Newton's law of universal gravitation says:

$$F_g=\frac{Gm_1m_2}{d^2}$$

Coulomb's law says:

$$F_e=\frac{kq_1q_2}{d^2}$$

Setting the two forces equal, you will get very simply:

$$k q_1 q_2=Gm_1m_2$$

If you assume $q_1=q_2=q$ you can solve that equation very easily to find q. From q, you need to use jbrigg's suggestion to find the mass of the protons involved.

6. Jul 1, 2014

DrZoidberg

Imagine the earth and the sun both consisted completely of protons and had therefore a rediculous amount of charge. In that case the electric repulsion should be 10^36 times stronger than the attraction. That means the electric repulsion has to be reduced by a factor of 10^36 to make both forces equal.

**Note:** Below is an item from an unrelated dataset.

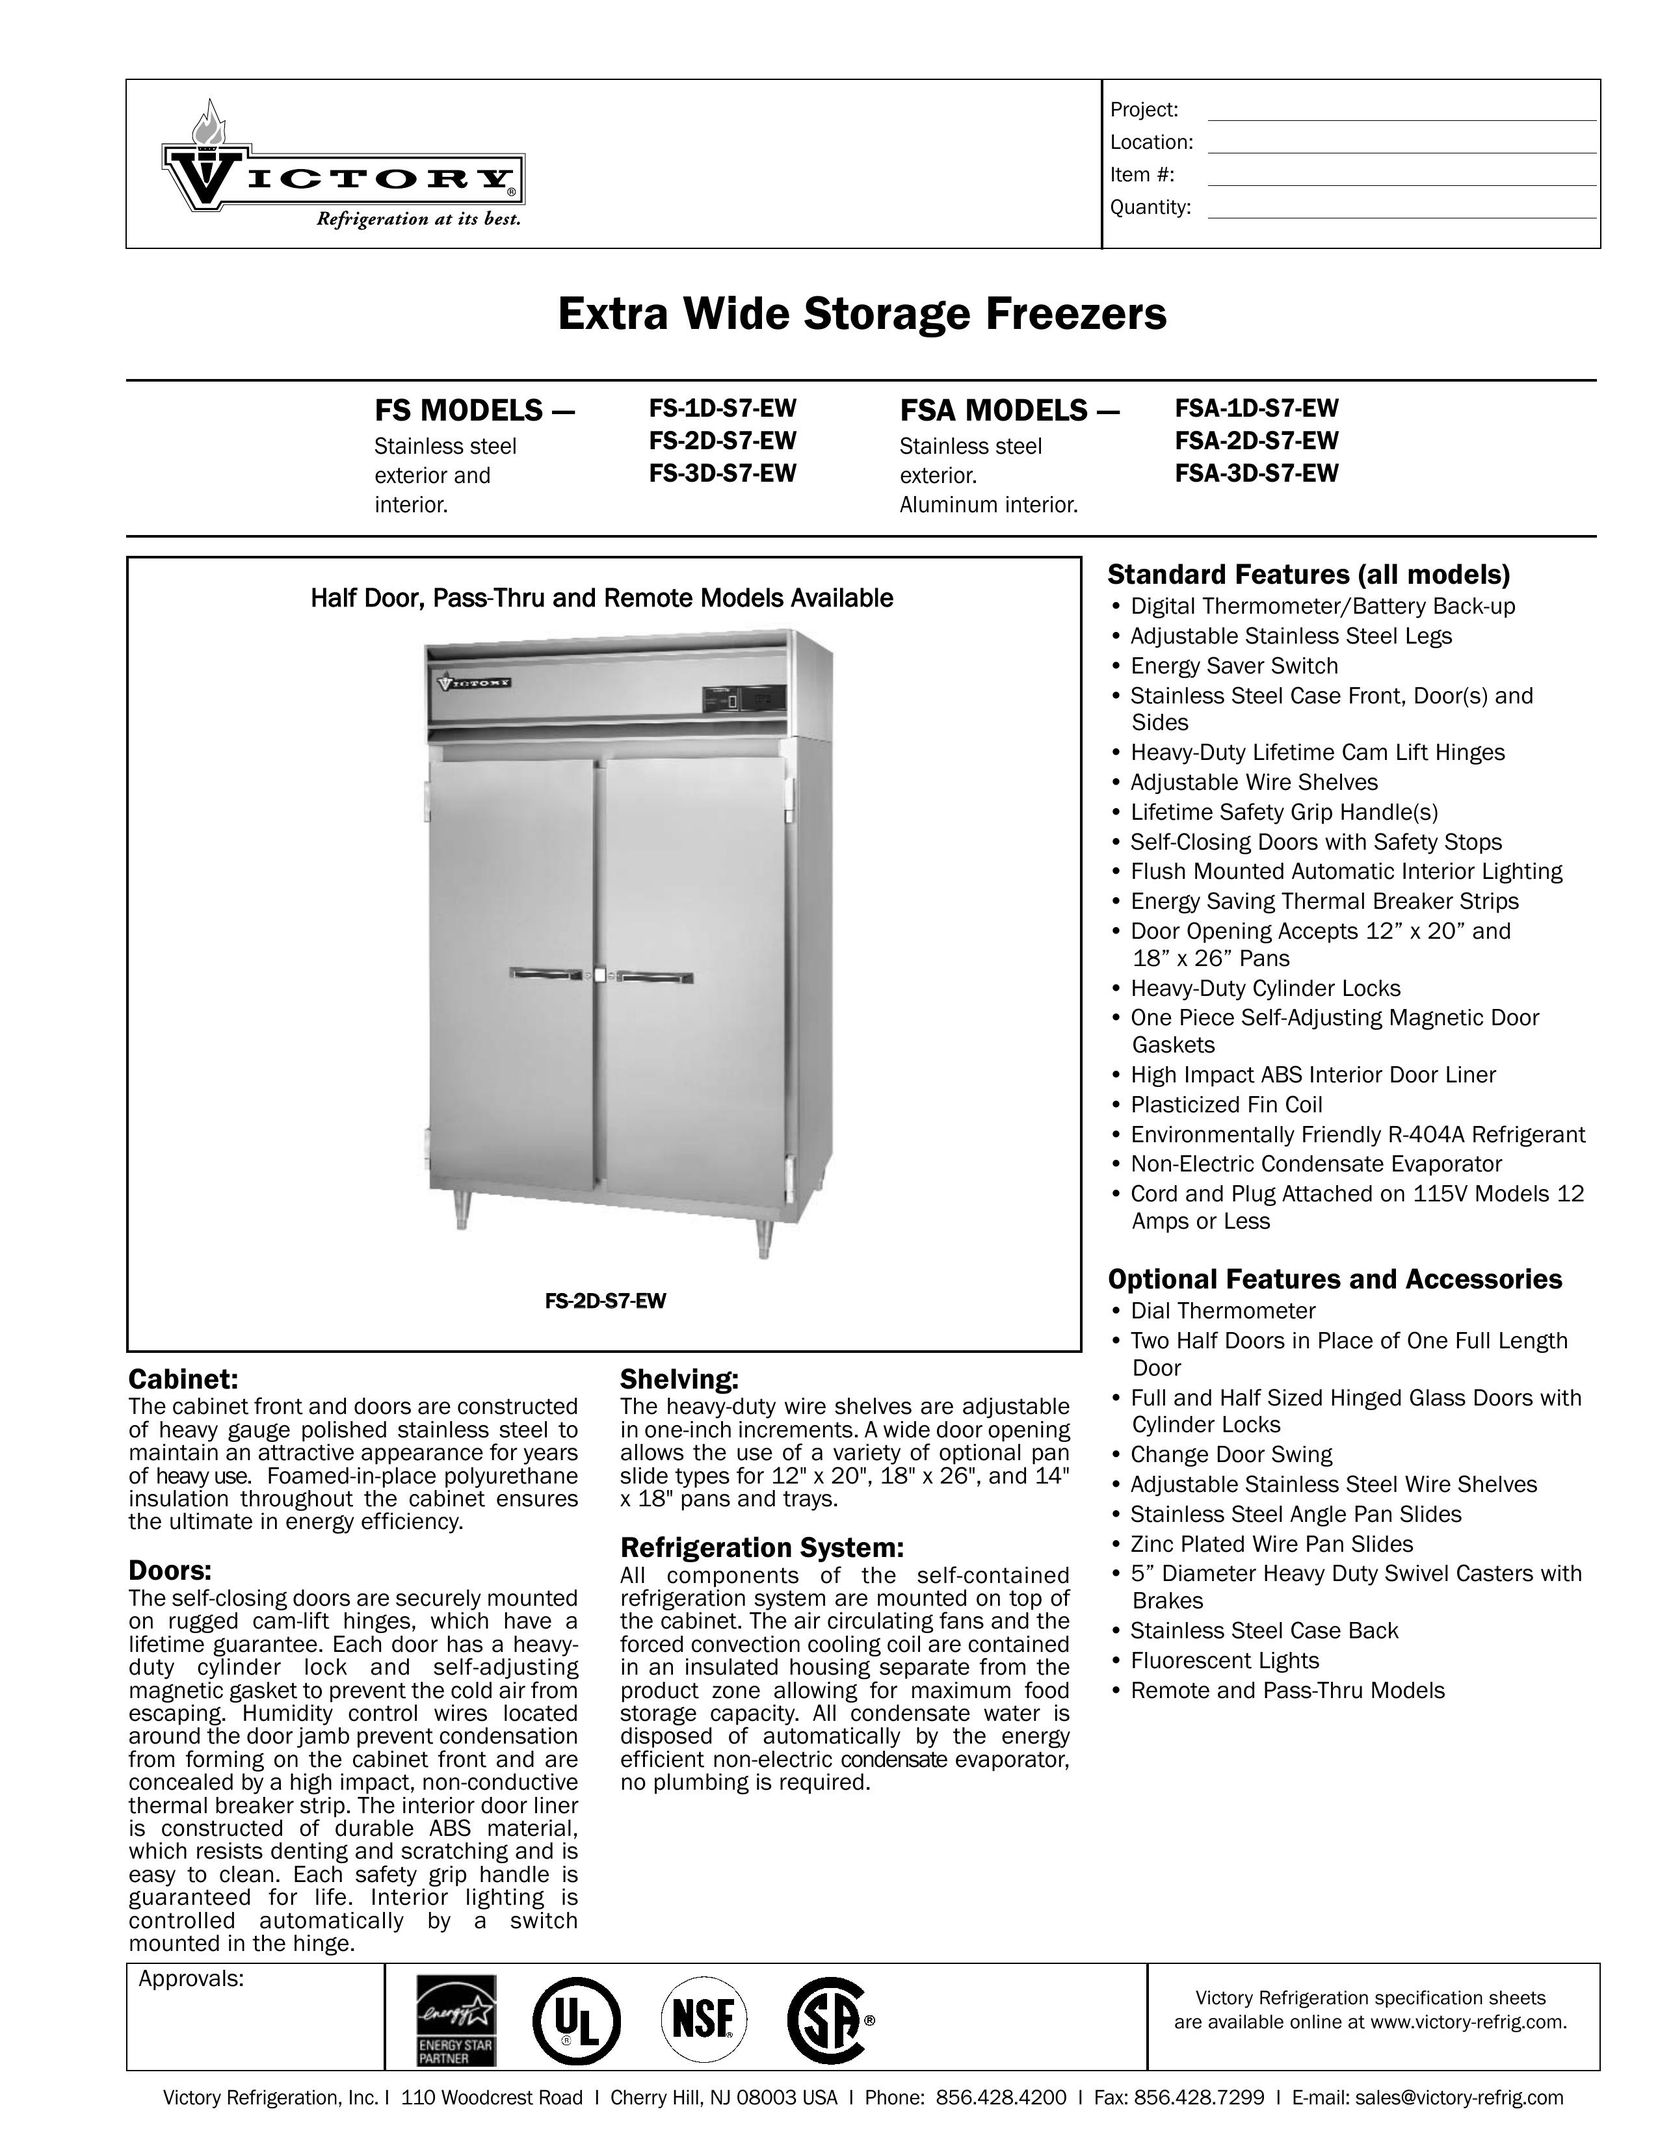 Victory Refrigeration FS-2D-S7-EW Freezer User Manual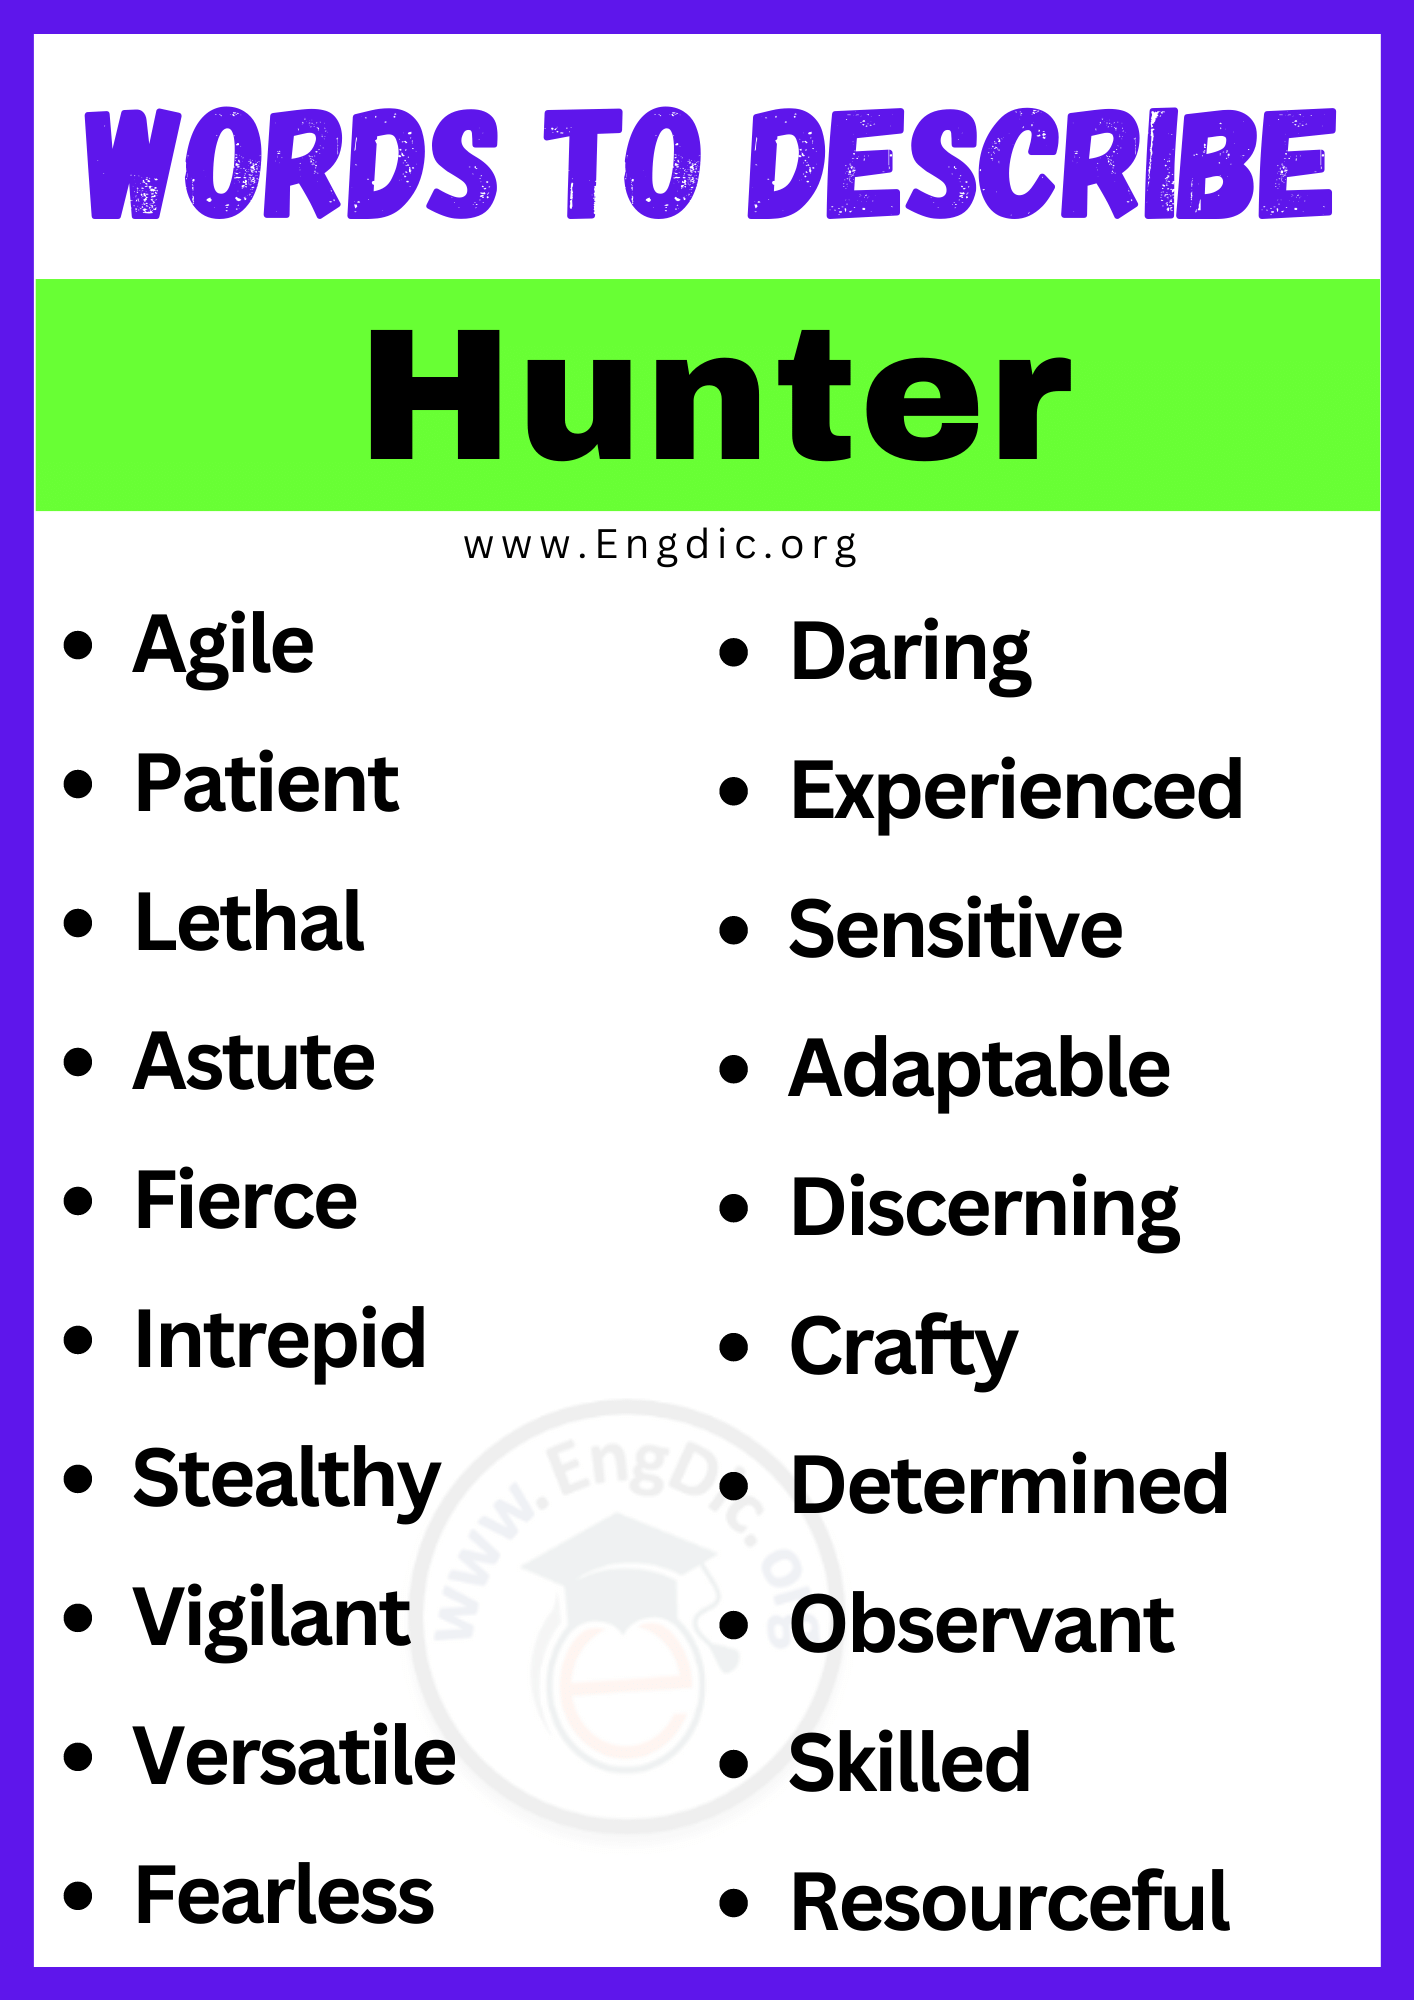 Words to Describe Hunter

That could for example be achieved by reducing the charge of both bodies by a factor of 10^18.
The sun's mass is 2 * 10^30 kg. Divided by 10^18 is 2 * 10^12 kg
Earth's mass is 6 * 10^24 kg. Divided by 10^18 = 6 * 10^6 kg

That means you'd have to add 2 * 10^12 kg of protons to the sun and 6 * 10^6 kg of protons to the earth.

7. Jul 7, 2014

elegysix

Interesting approach here. Has anyone worked it out the other way and gotten similar numbers?